Total of 4 or more is diagnostic for Behcet's syndrome.

Pathergy

The pathergy test may be performed in two ways. First clean the skin of the flexor aspect of the forearm and then:

Read 48 hours later:

Workup

The genital ulcerations should be cultured for herpes. The patient should be seen by an ophthalmologist. Review of systems and physical examination should be complete but with a special focus on cutaneous, gastrointestinal, neurologic, and arthritic symptoms. Appropriate laboratory data include ANA, ASO (Strep may have precipitated the episode), urine analysis, CBC, and G6PD (in case the patient is to receive dapsone).

Treatment

As BS is a systemic illness, multiple specialties are often required, with particular emphasis on the ophthalmologist, gastroenterologist, rheumatologist, neurologist, and dermatologist.

Steroids

For urgent, severe, or life-threatening symptomatology (e.g., neurologic, vascular, gastrointestinal, ocular), pulse dose steroids (e.g., 1 g intravenous methylprednisolone infusions daily) are often used for 3 days, followed by 1 mg/kg/day prednisolone tapered slowly.

Infliximab

Skin involvement may be quite bothersome, but does not create the urgency that say ocular involvement might with the potential for permanent visual impairment. In that regard, the combination of infliximab with azathioprine or cyclosporine A or methotrexate appears to be superior to infliximab monotherapy for sustained ocular remission [Semin Arthritis Rheum 2011;41: 61–70]. Infliximab has also been shown effective for most manifestations of BS, including neuro, GI, and mucocutaneous symptoms. It is often given if initial steroid treatment fails.

Etanercept

Etanercept has been shown to reduce the mucocutaneous and arthritic symptoms in 20 patients given 25 mg twice a week [J Rheumatol. 2005 Jan; 32(1):98-105].

Adalimumab

Adalimumab has been shown via multiple small studies or case reports to help with the mucocutaneous side effects as well as ocular, neuro, and vasoocclusive manifestations of BS.

Rituximab

Rituximab has shown some promise in treating ocular as well as other manifestations of BS.

Anakinra

Anakinra 100 mg/day has been reported effective [Ann Intern Med. 2008 Aug 19; 149(4):284-6]. Within 2 weeks, there was dramatic improvement in symptomatology.

Colchicine

Colchicine in several large studies has shown benefit in reducing or preventing skin lesions, vaginal ulcerations, and joint symptoms. Efficacy with regard to preventing oral ulcerations has been less consistent.

Azathioprine

Azathioprine has shown benefit in treating ocular symptoms.

Apremilast

Apremilast 30 mg BID has been shown effective in reducing or eliminating the oral and genital ulcers of BS [N Engl J Med. 2015 Apr 16;372(16):1510-8].

Interferon alfa

Interferon alfa 2a was helpful for the mucocutaneous side effects of Behcet's [AD 2002;138;467].

Thalidomide

Thalidomide 100 mg/day appears effective in treating the orogenital ulcers. Worsening of erythema nodosum lesions as well as a polyneuropathy are potential side effects however.

Dapsone

Dapsone 100 mg/day was superior to placebo in reducing oral/genital ulcers [J Dermatol. 2002 May; 29(5):267-79].

Cyclosporin

Cyclosporin has been used effectively, but increased neurotoxicity has been documented in patients with BS.

Other Therapies

For complex aphthosis or the oral manifestations of BS, many patients are controlled with topical clobetasol (e.g. gel 5-10 times per day).

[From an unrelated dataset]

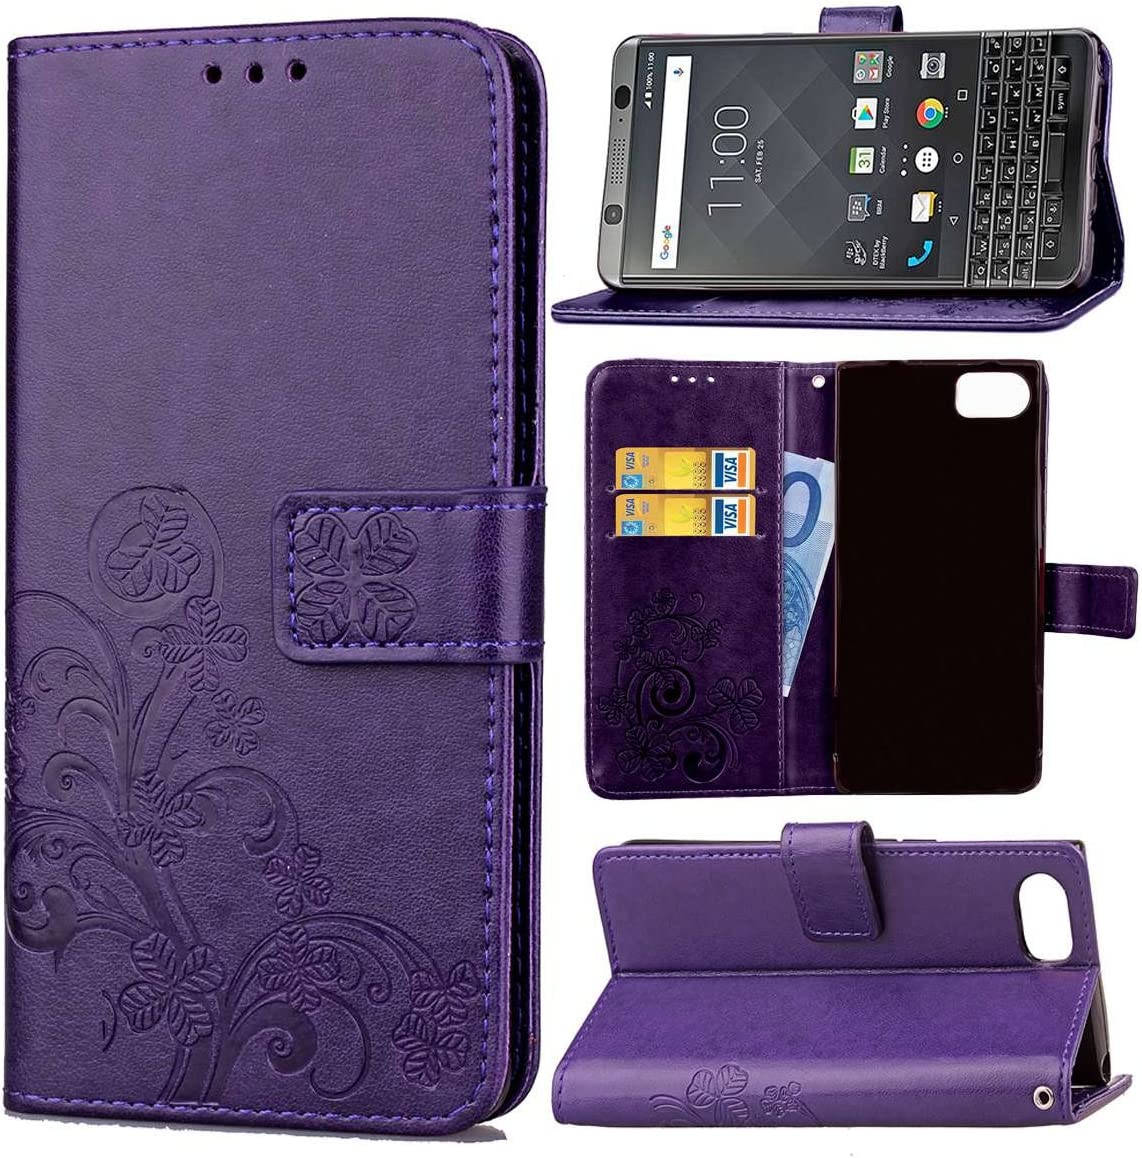 Guran® Funda de Cuero PU para Blackberry Keyone / Mercury ...

NSAIDs are often given for the arthritis.

Erythema nodosum lesions have responded to intramuscular Kenalog given every 3 weeks.

Additional Pictures

Multiple ulcerations and maceration in a young woman with Behcet's syndrome. She ultimately was well controlled on infliximab.
Behcet's Syndrome Behcet's Syndrome--multiple ulcers

Behcet's Syndrome: ulcer on the labia

Courtesy Erkan Alpsoy, MD
Behcet's Syndrome of the scrotum

References

PG complicating Behcet's. Indian J Dermatol 2015;60:105

A dramatic case of Behcet's disease successfully treated with infliximab. Dermatology Online Journal 19 (4)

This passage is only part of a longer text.